Understanding the equity method of accounting
When one company owns part of another, the equity method of accounting tracks this interest. In other words, equity accounting is simply a method used to record investments in associated companies or other entities. However, it only applies when the investor owns a high percentage of the associate entity, typically between 20% and 50% of the stock. This high percentage of voting stock means that the investor exerts significant control over the owned company.
Purposes of the equity method of accounting for investments
The equity method of accounting GAAP rules allow investors to record profits or losses in proportion to their ownership percentage. It makes periodic adjustments to the asset’s value on the investor’s balance sheet to account for this ownership.
The purpose of equity accounting is to ensure that the investor’s accounts accurately reflect the investee’s profit and loss. A recognized profit increases the investment’s worth, while a recognized loss decreases its value accordingly.
What is investor influence?
For equity accounting to be applicable, the investor must have “significant” influence over the investee’s financial or operating decisions. This is usually determined by the percentage of voting stock ownership, which falls between 20% and 50%, as mentioned above. Other indicators of significant influence could include:
A seat on the board of directors
Material transactions between entities
Personnel exchanges between entities
Dependence on shared technology
How does the equity method of accounting work?
An investing company recognizes its share of the investee’s profits and losses using the equity method. These figures will be recorded in the following documents:
The initial investment is recorded as an asset on the investing company’s balance sheet. However, the value of this asset will change over time. When the investee’s profit increases, so does the investment value. When the investee records a loss, this is reflected in the investment value. These profits and losses must also be recorded on the income statement.
Here are two equity method of accounting for investment examples:
Example 1: Company A acquires a 25% stake in Company B. Company B records $1,000,000 of net income in the most recent accounting period. As a result, Company A must record $250,000 of this net income amount on its income statement as investment earnings, also increasing its investment value.
Example 2: Company B from above recorded a $400,000 loss during its latest accounting period. In this case, Company A would need to register $100,000 as an investment loss and adjust the investment value accordingly.
In both examples, these amounts would need to be adjusted after the next accounting period, as profit and loss fluctuates, to reflect Company A’s ownership in Company B.
Equity accounting vs. other accounting methods
To better understand the equity method of accounting for investment examples above, it’s also helpful to contrast equity with consolidation and cost methods.
According to the equity method of accounting GAAP regulations, investors report their proportionate share of the equity at cost.
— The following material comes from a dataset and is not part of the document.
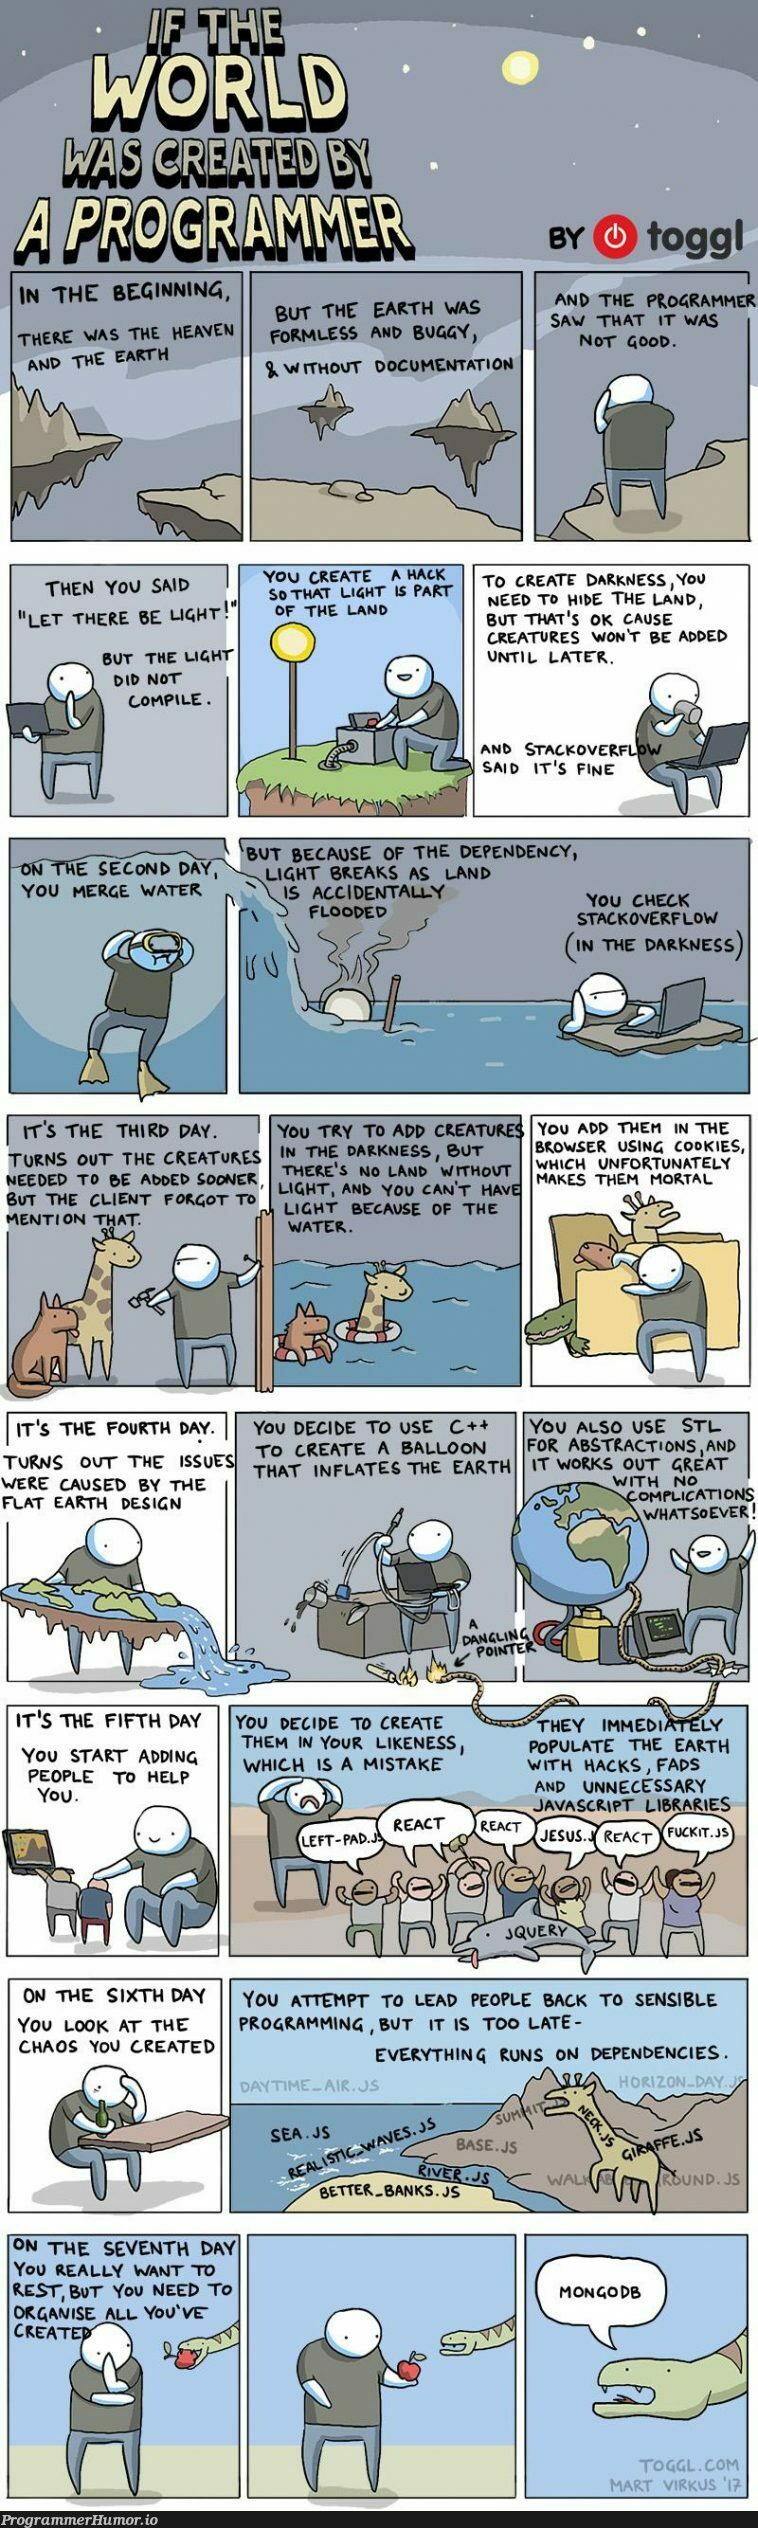 If the world was created by a programmer | programming-memes, programmer-memes, javascript-memes, java-memes, design-memes, stackoverflow-memes, stack-memes, program-memes, try-memes, c++-memes, bug-memes, mongodb-memes, rest-memes, xaml-memes, cli-memes, mongo-memes, overflow-memes, IT-memes, ide-memes, ML-memes, documentation-memes, dependencies-memes, dependency-memes | ProgrammerHumor.io
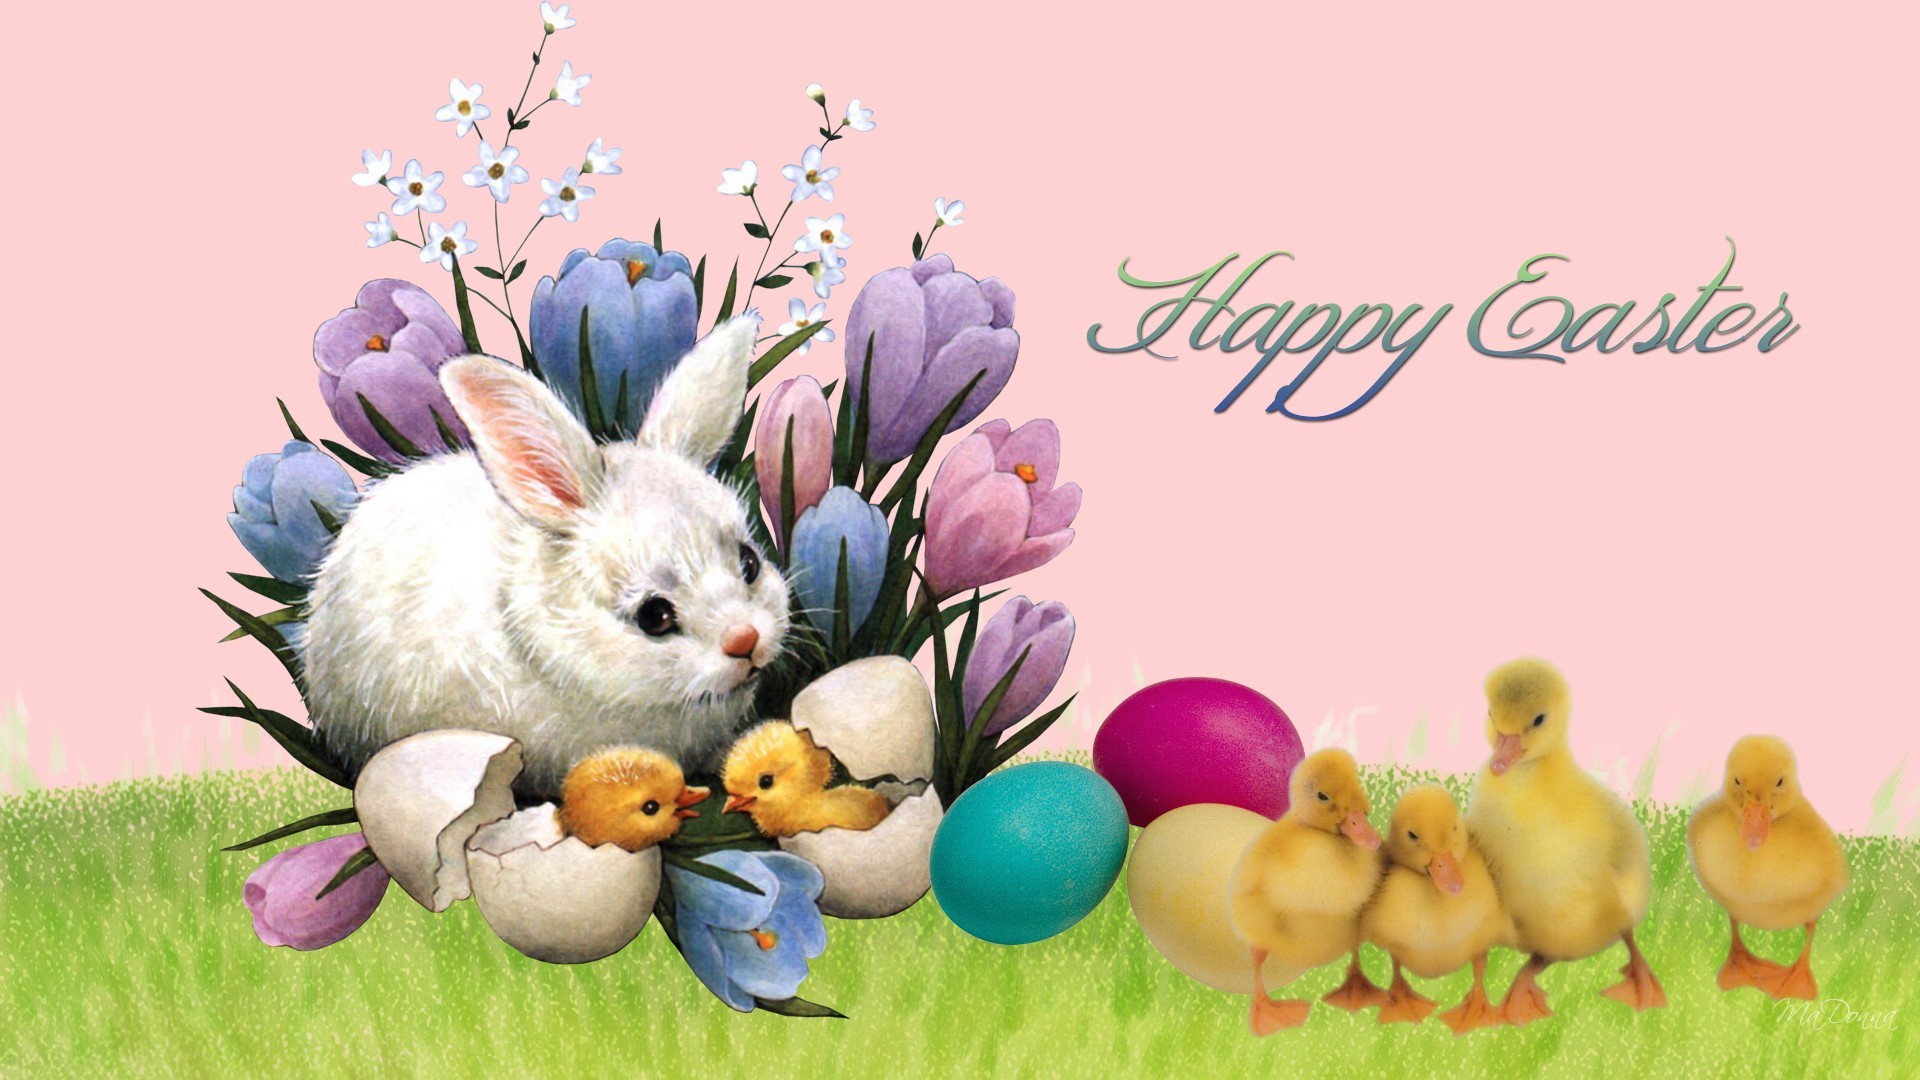 1920x1080 free wallpaper easter bunny rabbits | Easter Bunny Friends

Any profit and loss should be recorded in a proportional amount to the percentage of shares, with dividends deducted from the account.
By contrast, consolidation accounting is used when the investor exerts full control over the company it’s investing in. This creates a parent-subsidiary relationship. With the consolidation method, investments in the subsidiary are recorded on the parent company’s balance sheet as an asset and on the subsidiary’s balance sheet under equity.
The cost method of accounting is used when an investor owns less than 20% of the investee, holding a minority interest. In this case, investments are recorded as an asset using their historical cost. While the equity method makes periodic value adjustments, these values won’t change over time with the cost method.